Я слушаю о том, как две девочки отправились в теплицу, понимая: ради меня малышка сделала бы то же самое. Как можно не принять фактически ставшую ей сестрой потерянную девочку, у которой рухнул весь мир. Она еще сама этого не знает, но ее мира больше нет, и только Илая сможет удержать от гибели. Нам известны такие случаи…
– Ты иди к ним, я зачту тебе смену, – вздыхает Вилк. – Посиди с детьми пару дней, брикеты я выдам.
– Спасибо! – благодарю я показывающего себя настоящим иллианином старшего. – От души просто!
– Иди, – показывает он улыбку, а в глазах тоска.
По старым верованиям, мы все здесь дети. И Илая, и я, да и Вилк тоже, но выбора у нас все равно нет, поэтому нужно быть взрослым. Для того, чтобы малышки жили, нужно. Поэтому я тщательно укутываюсь, смотря за тем, чтобы не было щелей в одежде, а начальник протягивает мне пакет, в котором целых три брикета. Я понимаю – это из неприкосновенного запаса. Кроме того, брикеты умершей девочки еще на три дня – для Ефии. Так принято, чтобы можно было помянуть и хотя бы заесть горе.
Я иду по заснеженной улице, неся страшную весть. Будто Смерть идет рядом со мной – гадкая, зубастая, непохожая на нас, она сожрала сегодня очень хорошую девочку, у которой осталась совсем малышка еще. Чистая, искренняя, самоотверженная… Как она перенесет то, что я скажу ей?

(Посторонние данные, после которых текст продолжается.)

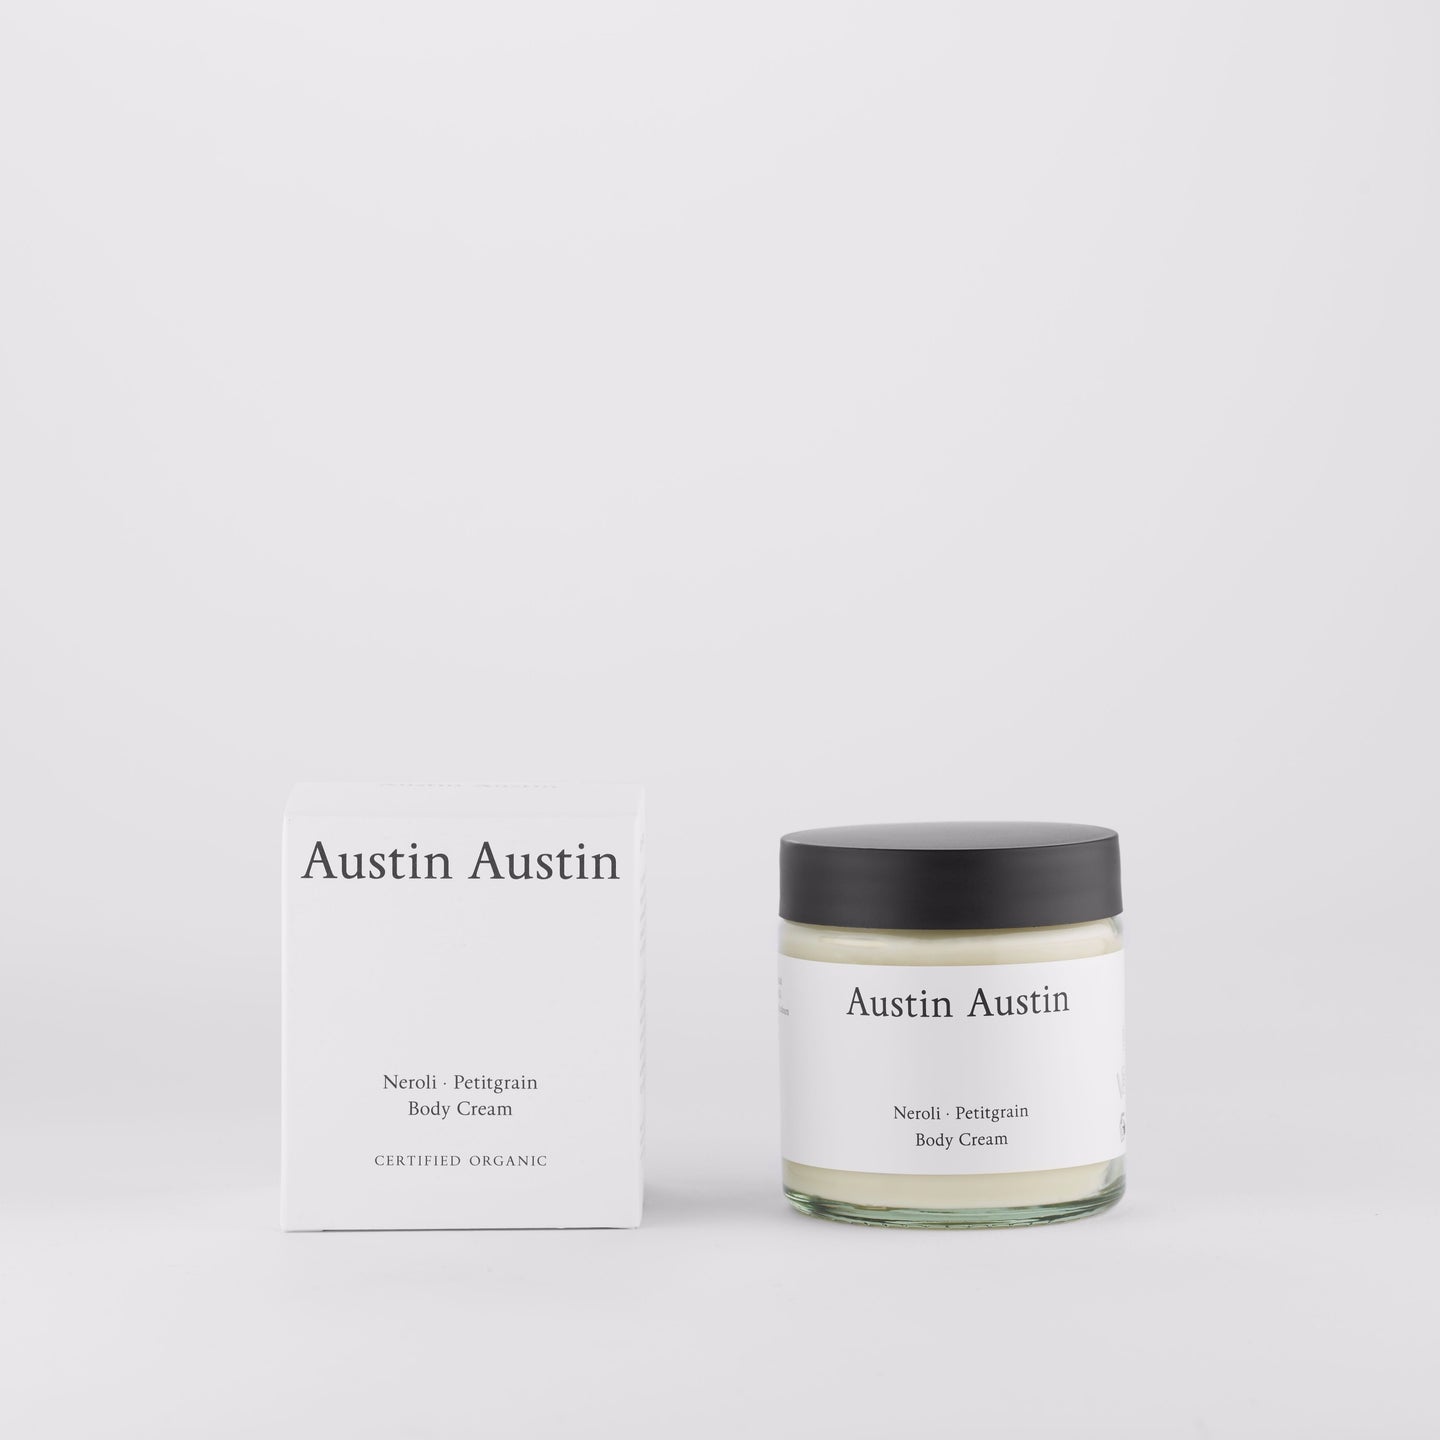 Austin Austin Organic Body lotion cream Made with betaine to soothe, moisturise & protect. Top notes of orange & grapefruit.  Middle notes of neroli & cardamom. Base notes of petitgrain & cedar wood.

Вот и теплица. Меня встречает сотрудник охраны. Он, конечно же, все отлично понимает, поэтому просто молча протягивает мне заработанный детьми брикет. Я делаю шаг к двери рабочего помещения прямо таким – весь во льду, в одежде для передвижения по улице, и тут вижу умоляющие глаза Илаи. Она будто молит меня – не говорить, и я чувствую: действительно, лучше дома.
– Пойдемте домой, дети, – негромко произношу я. – Ваша смена закончилась.
Полные надежды глаза Ефии как-то мгновенно гаснут – она все поняла. Все осознает малышка, которой даже попрощаться не разрешили, ибо ее мама уже стала топливом реактора. Жестоко это на самом деле, но правила не я придумал, поэтому надо просто собрать моих хороших и увести домой, пока метель не началась. Потом будет сложнее.
– Папа… ой, – не удерживает себя в конечностях Илая, но фразу продолжает, у нее сейчас другие приоритеты. – А что будет с Ефией?
– Будут у меня две доченьки, – как могу ласково отвечаю я ей.
Мы все называем старших мамами и папами, потому что ребенку до воя, до скрежета, до шипения необходимо кого-то так назвать, а тоски и смерти у нас хватает и так. И вот моя малышка раскрывает пошире обычно прижмуренный центральный глаз, с огромным удивлением, но и благодарностью глядя на меня. А я просто прижимаю ее к себе, все отлично понимая. И Ефию затем, уже одевшуюся и замершую от этого жеста. Я бы обеих понес, но сил просто не хватит.